- **Data**
• • • • •

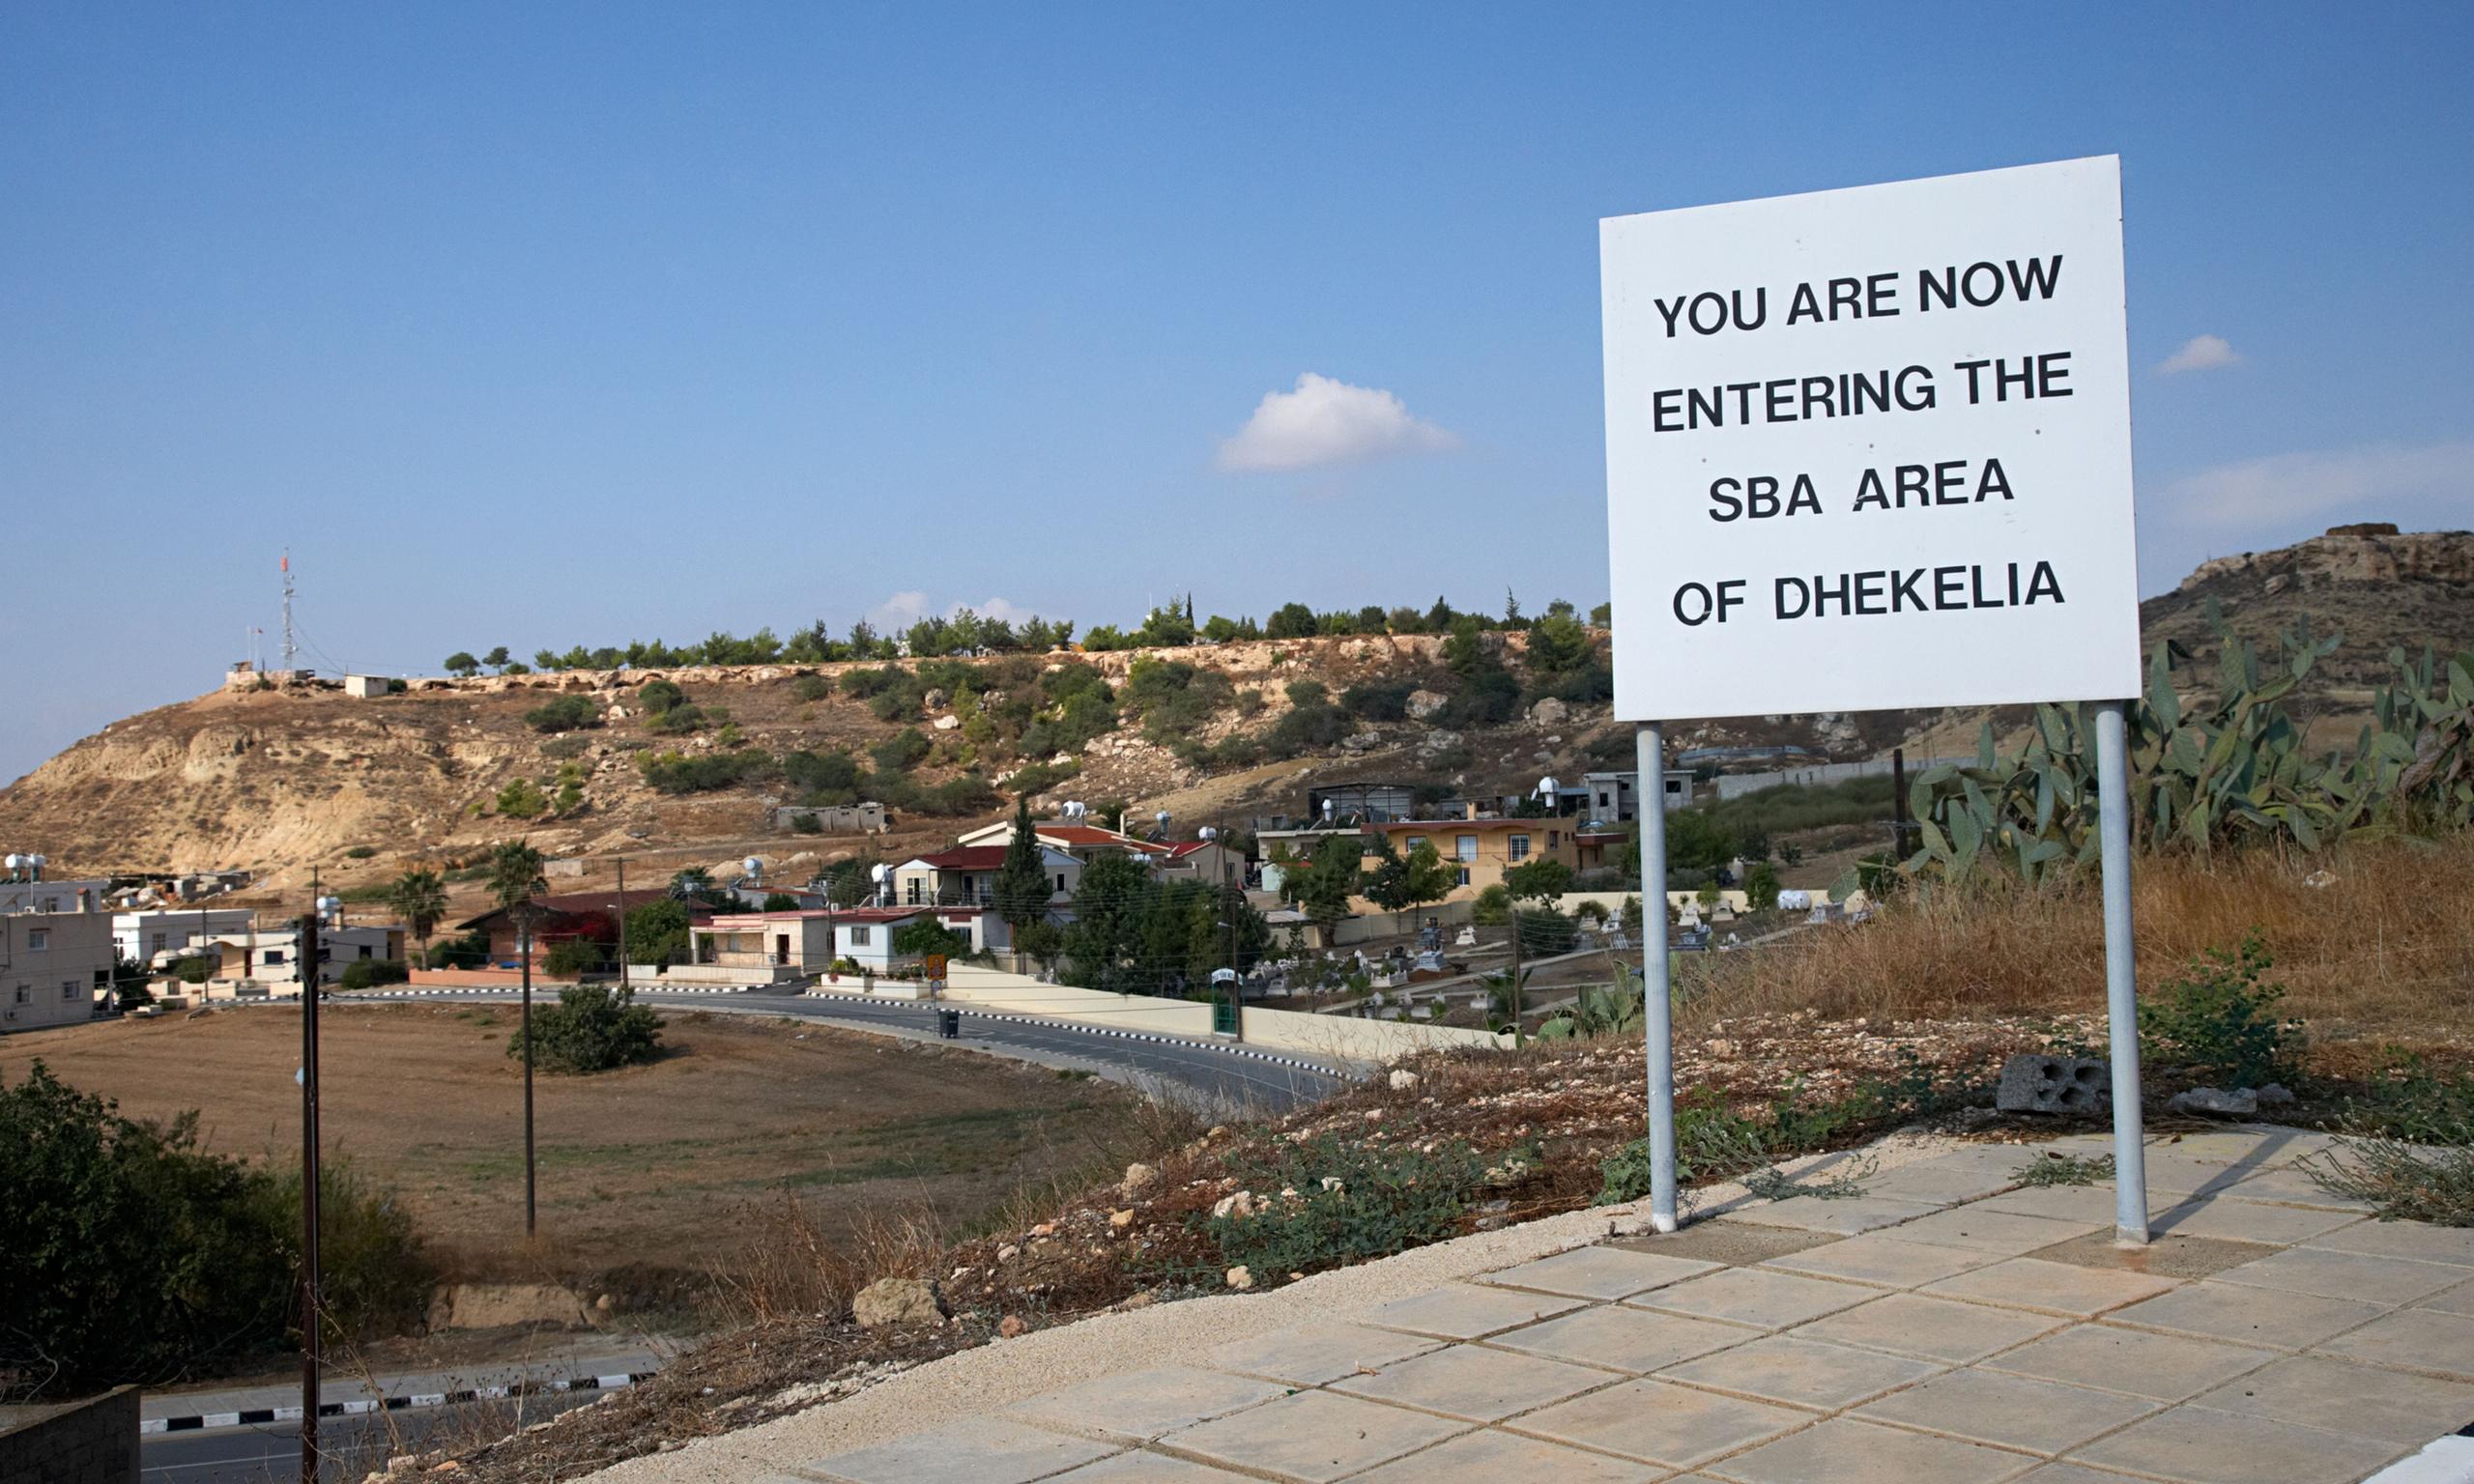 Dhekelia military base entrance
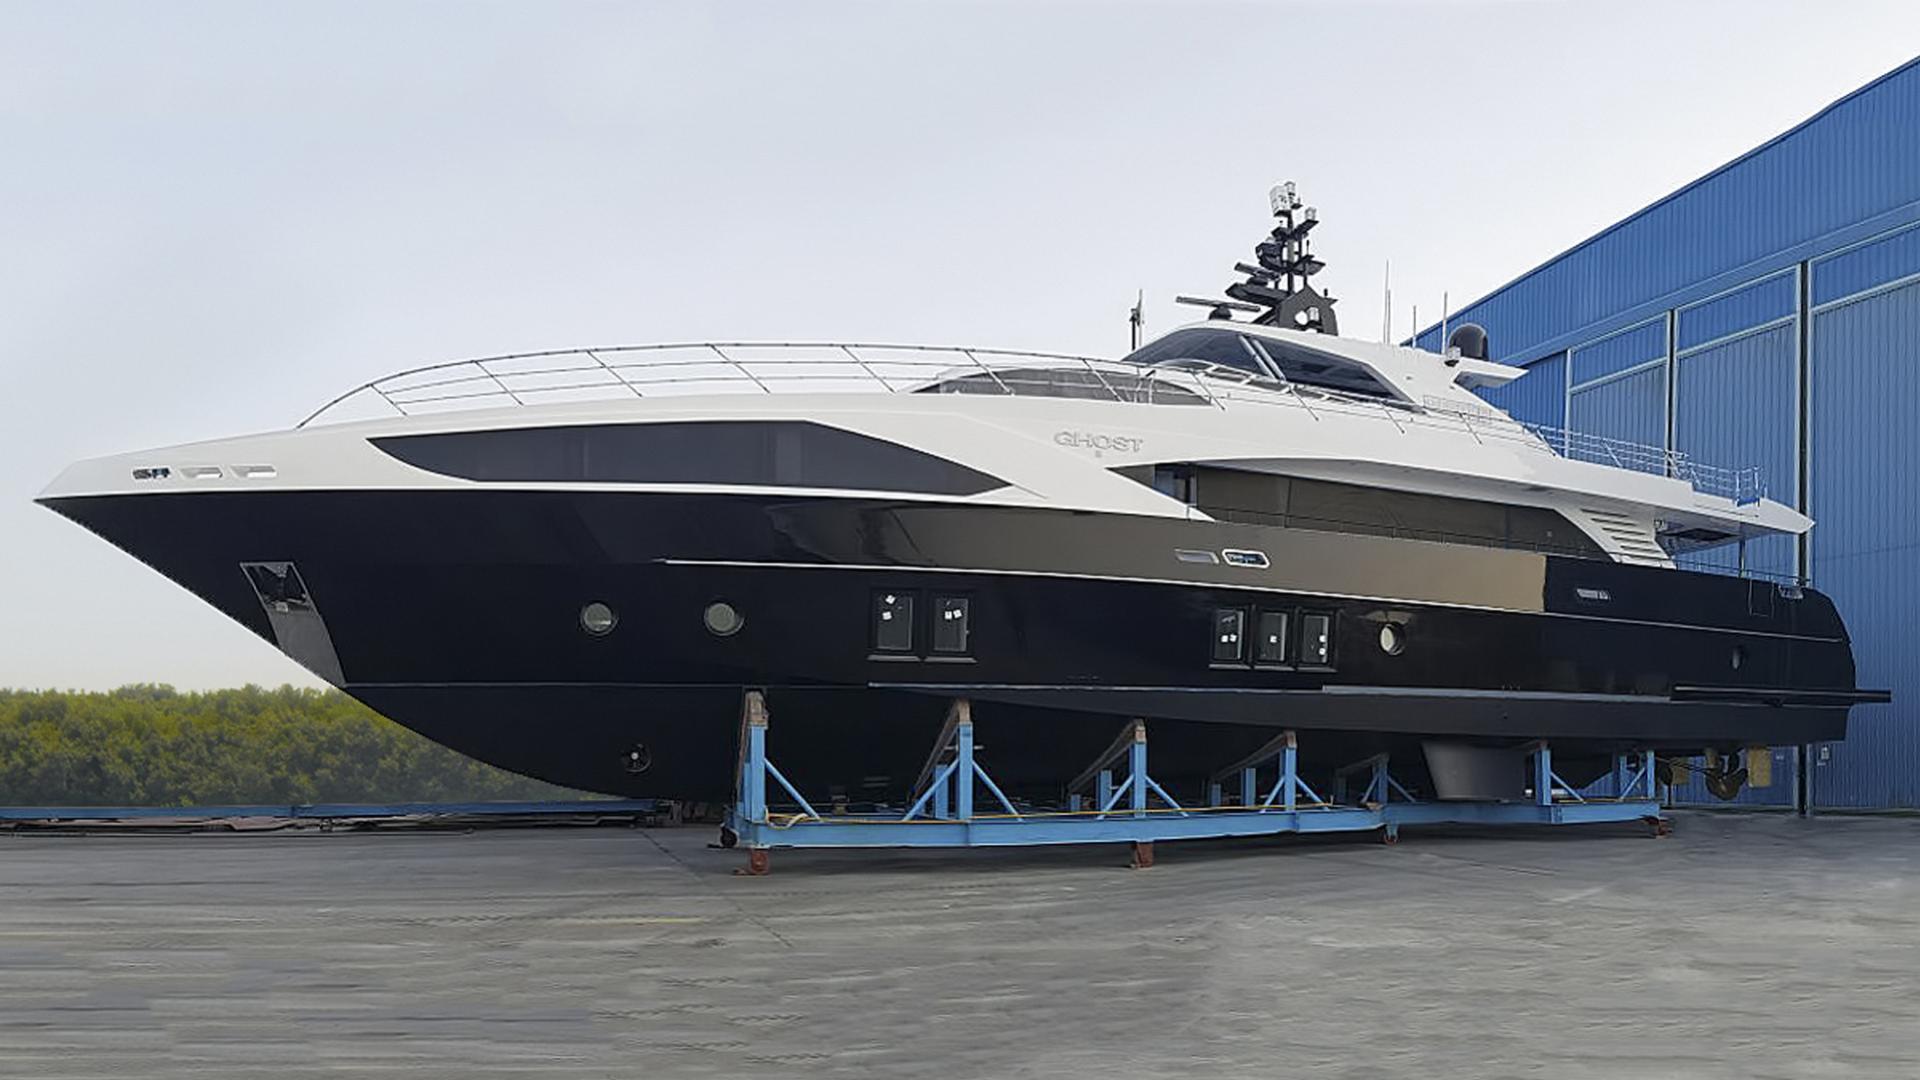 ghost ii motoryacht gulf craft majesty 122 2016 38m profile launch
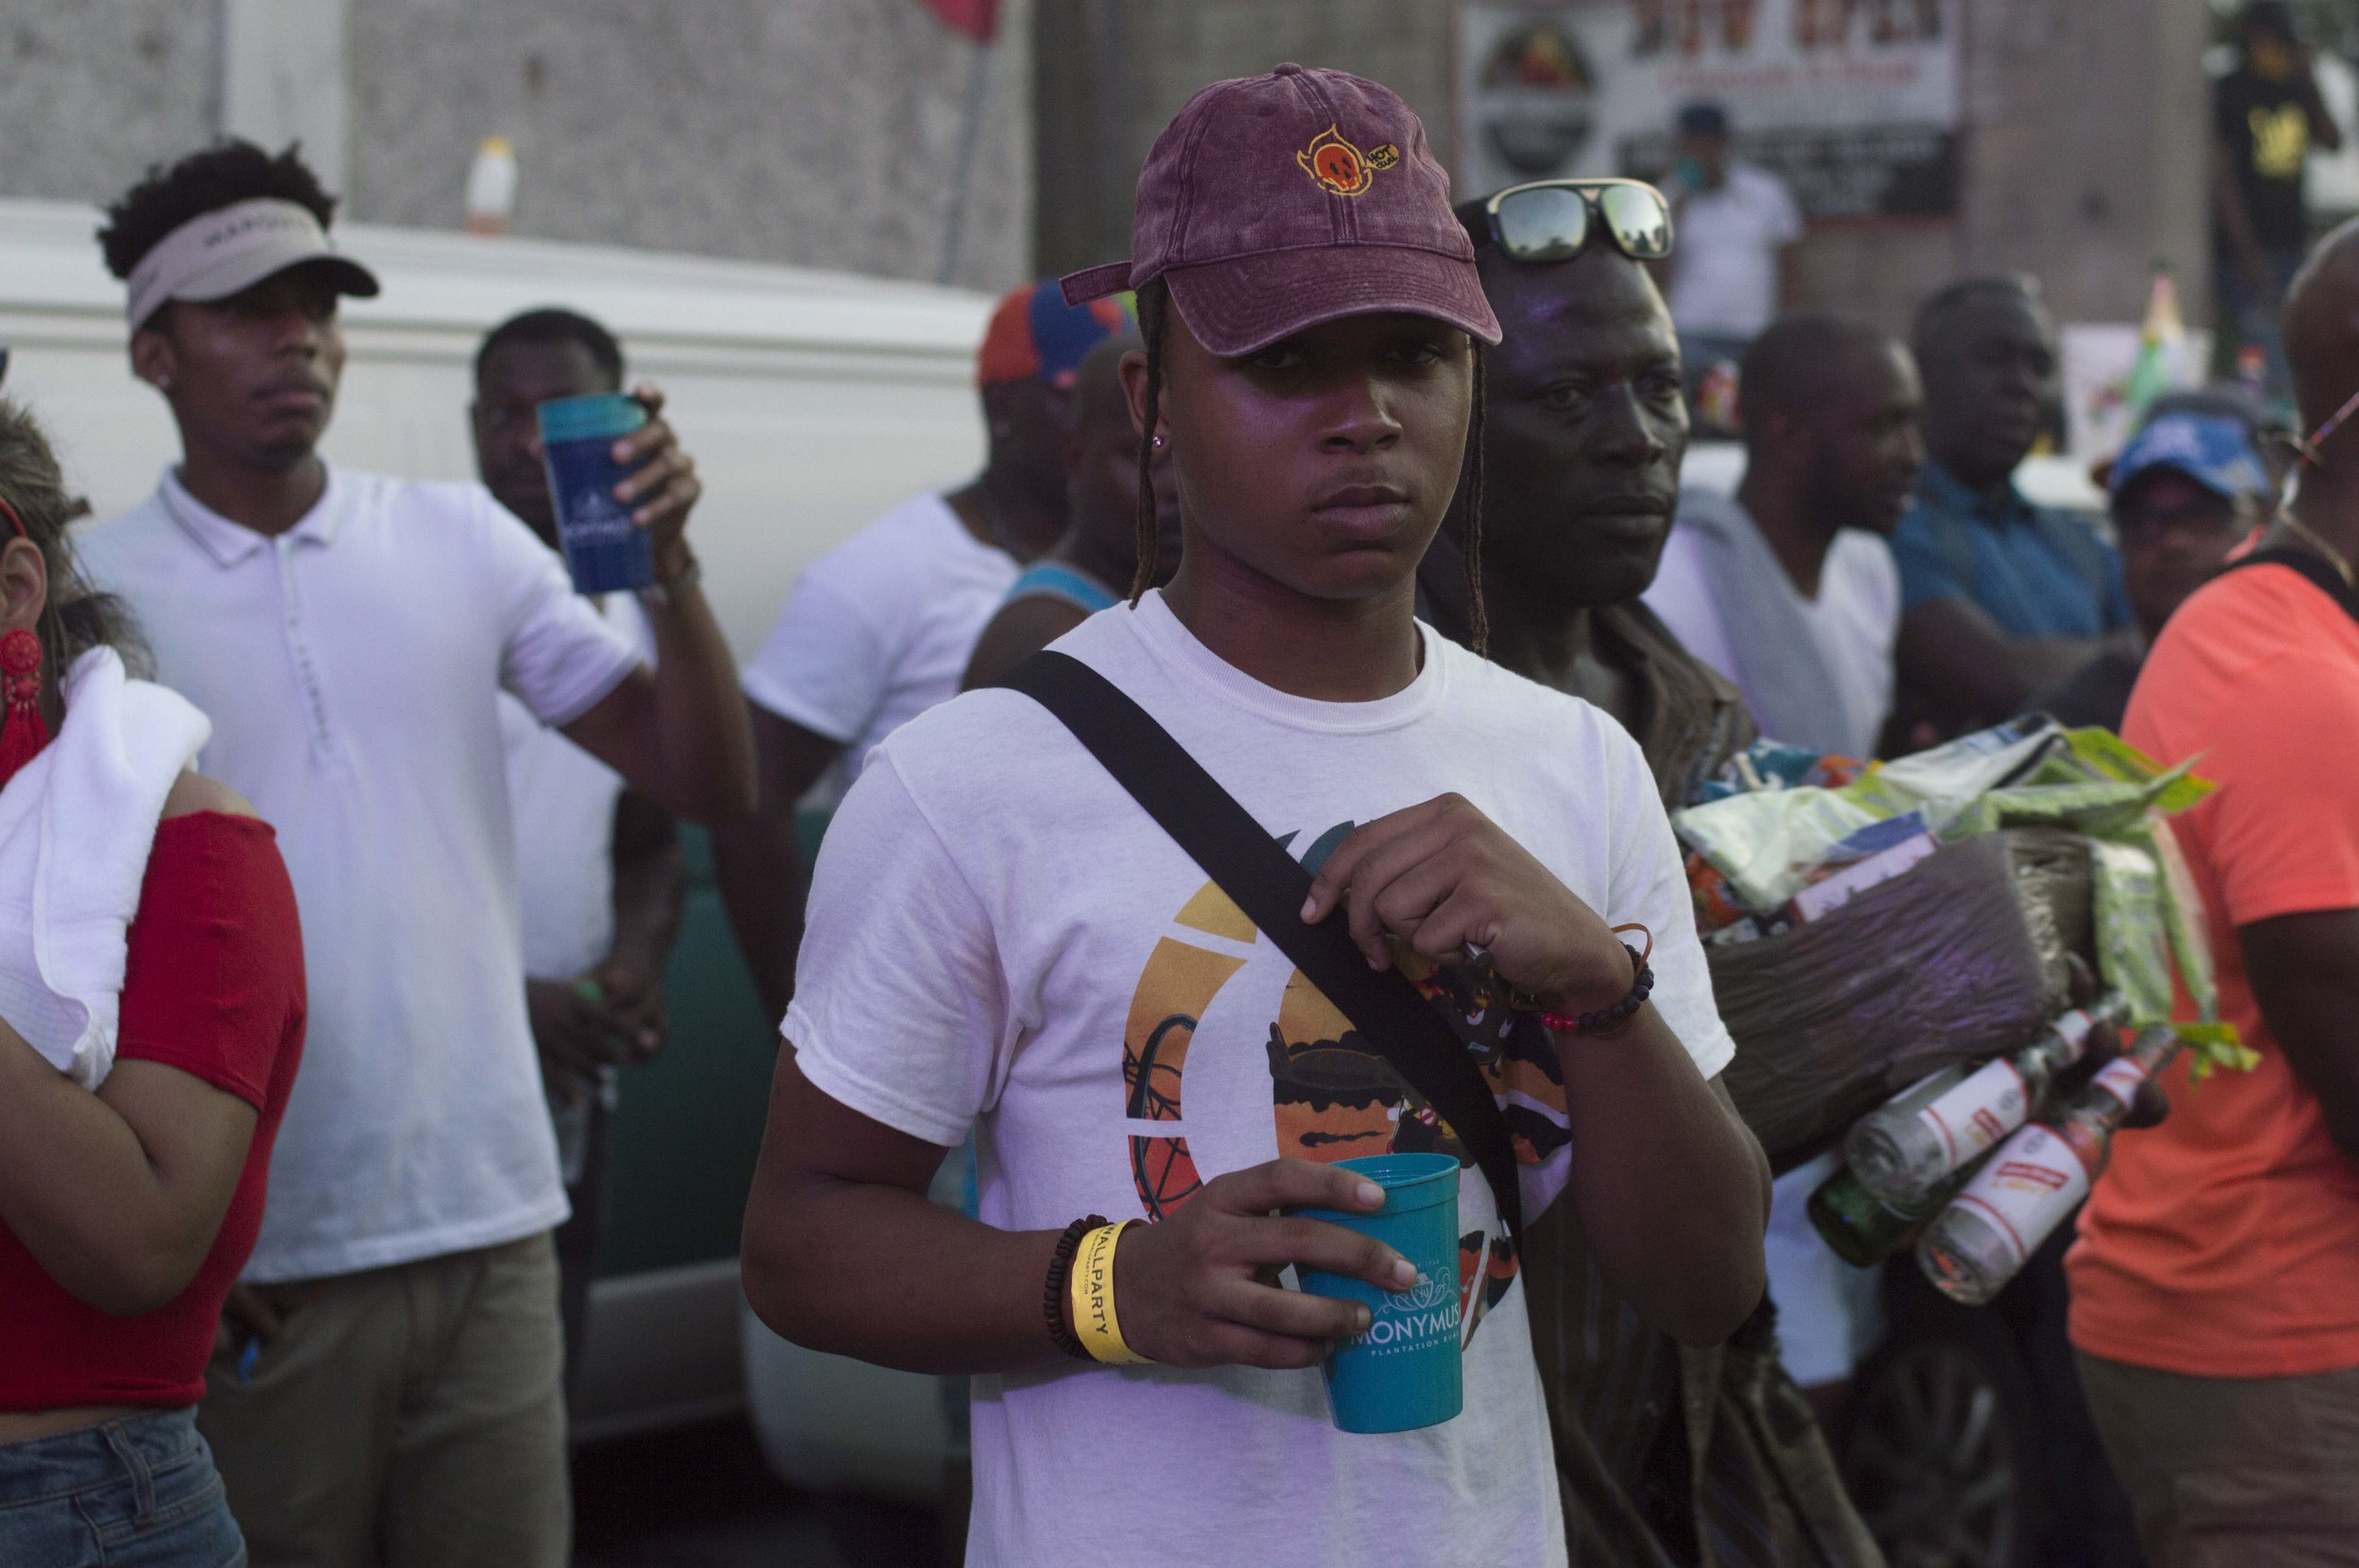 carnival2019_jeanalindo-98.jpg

• • • • •

- **What is expected**
Could you print the material above word for word and skip the images?

- **Exercise result**
 Dhekelia military base entrance
 ghost ii motoryacht gulf craft majesty 122 2016 38m profile launch
 carnival2019_jeanalindo-98.jpg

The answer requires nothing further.